The team as chopped and changed as Platt looked for a secret recipe, but it never came. It was like he didn’t know how to build a team. I was at University at the time, so only got a game about 2/3 months. I’d never recognise half the squad as Platt would have changed the whole team again. ‘Is that Edds? Is that Williams, what the hell!! ?’

We finished the season closer to relegation than Promotion, and we’d been red hot favourites to go up.

Season 2 got better, but the Football wasn’t great. Further expensive incomes came in. David Johnson arrived for £3mill plus. The loans of Robbie Blake and Ben Olsen were successes, and Matthew Upson also came in on loan, as well as Francis Benali. However none of these would have been cheap. It had been Blake who helped reinvigorate the season.
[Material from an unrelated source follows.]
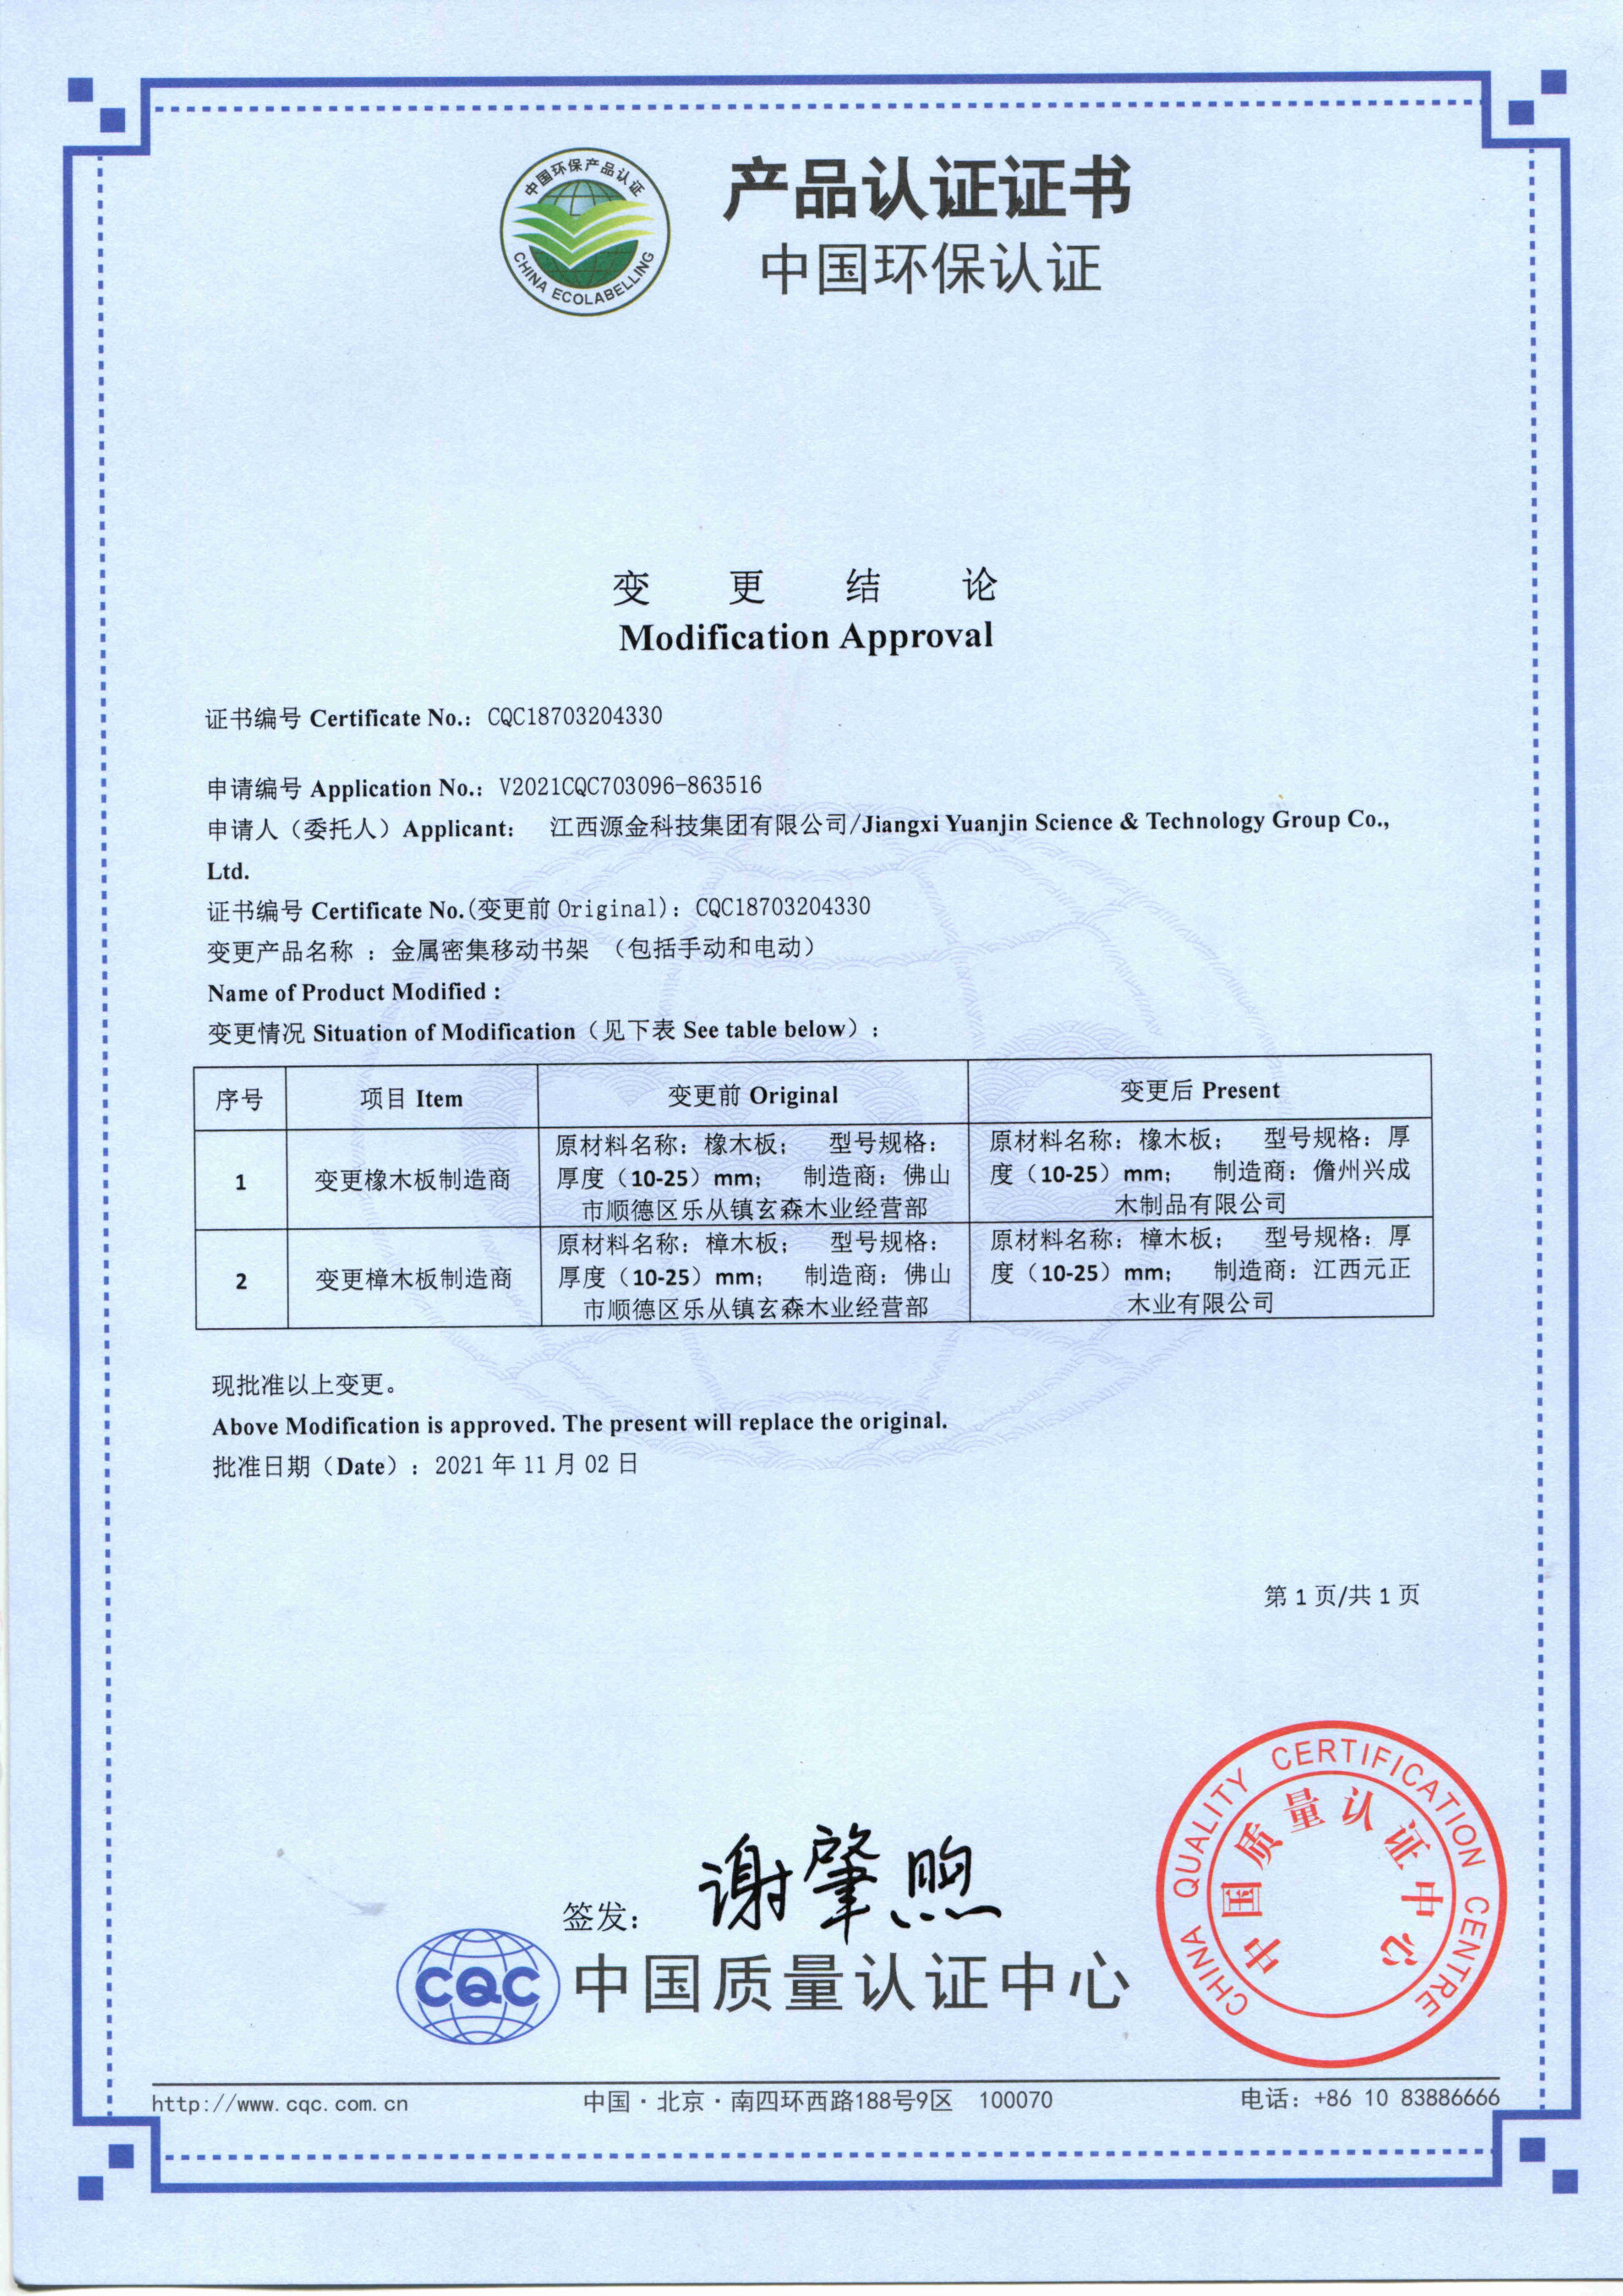 China Environmental Protection Certification in 2021 (CQC manual or intelligent)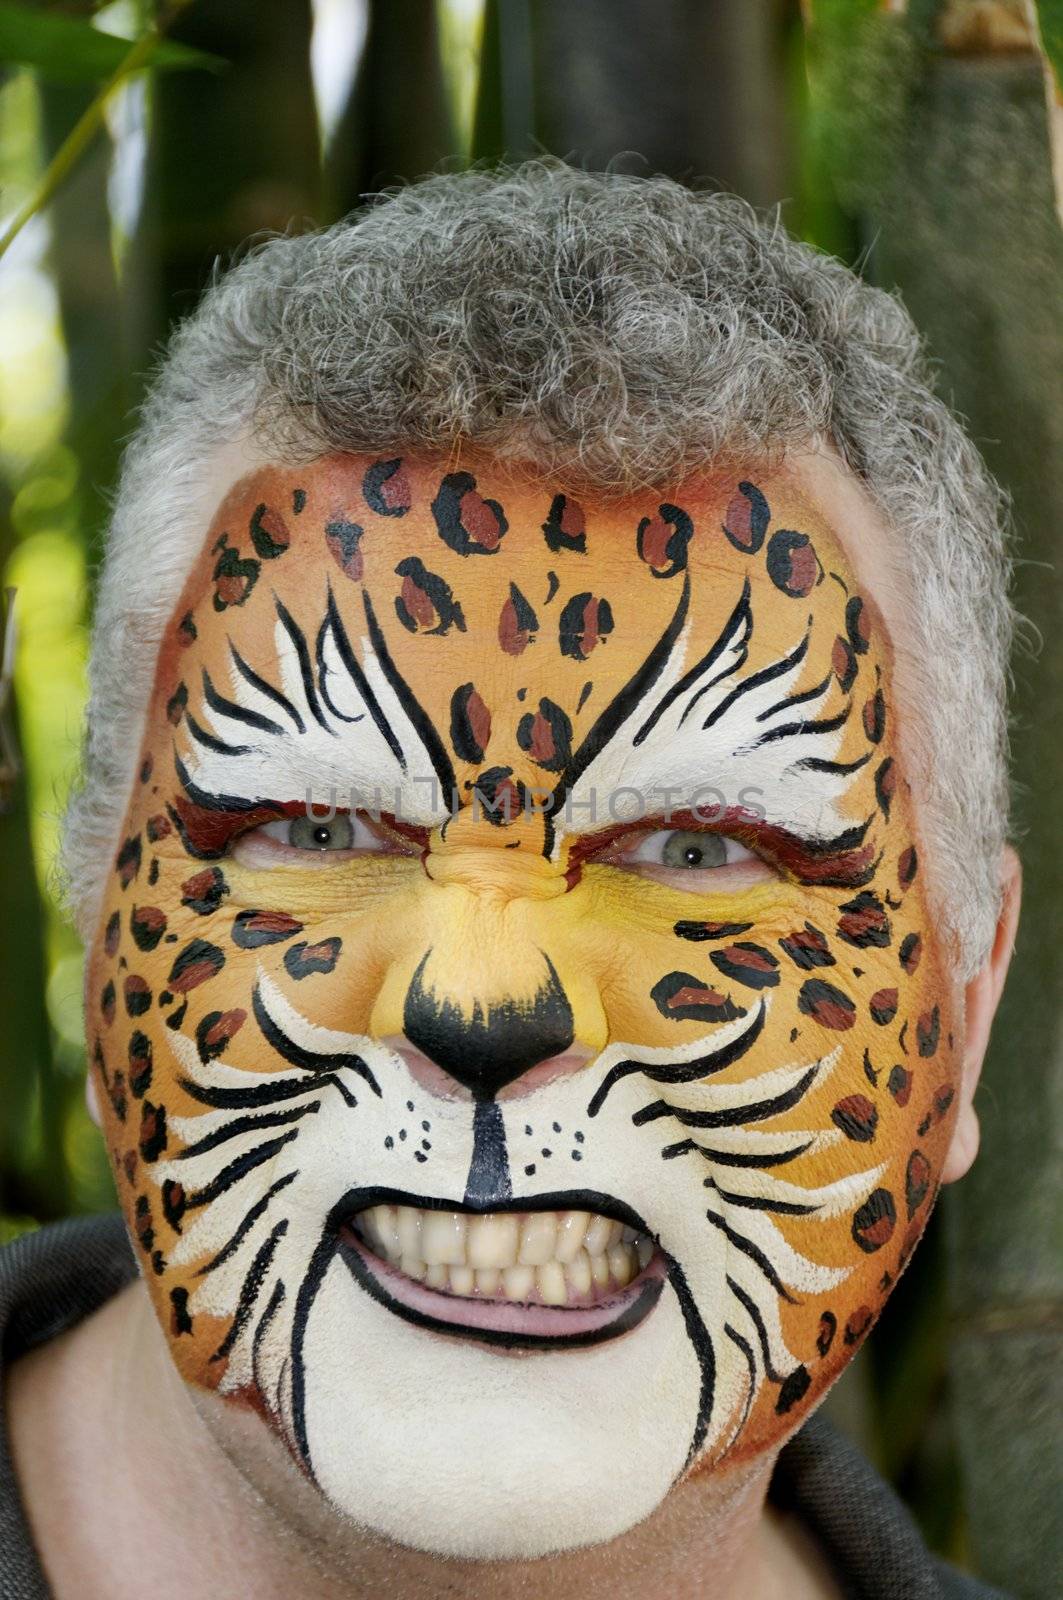 A man growling with a painted face.

Johnson initially didn’t work out very well, but there were good wins. We finished 6 points off the playoffs, and further youngsters stepped up. Jenas made his debut, Dawson and Harewood were improving. But still Platt wasn’t getting it right. Signings like Gary Jones illustrated he was prone to bad decisions.

Ultimately when he left he handed the reigns to Paul Hart who moulded a young team together and led it to the brink of success. Eventually however the financial problems meant we were stripped of prized assets and had to sell youngsters, replacing with journeymen players who weren’t good enough and we went down to League One.

Now David Platt wasn’t in charge of the purse strings per se. He targeted players but others signed off on the expensive outlays that cost us. The far bigger villains were Nigel Wray and Irving Scholar who we have spoken about before, they asset stripped and tried to profit off the club. They failed. The share scheme cost a lot of fans a lot of money. Money they lost. For that they will always be far more culpable, but David Platt is a similarly disastrous name in this clubs history.

Another man may have signed better suited players and got us promoted and back in the money. Without the huge debt, the League One years may never have occurred. Young players may have been retained for longer rather than Jenas being sold off to save the club. All because Platt was inept.And we are still paying the penalty for it.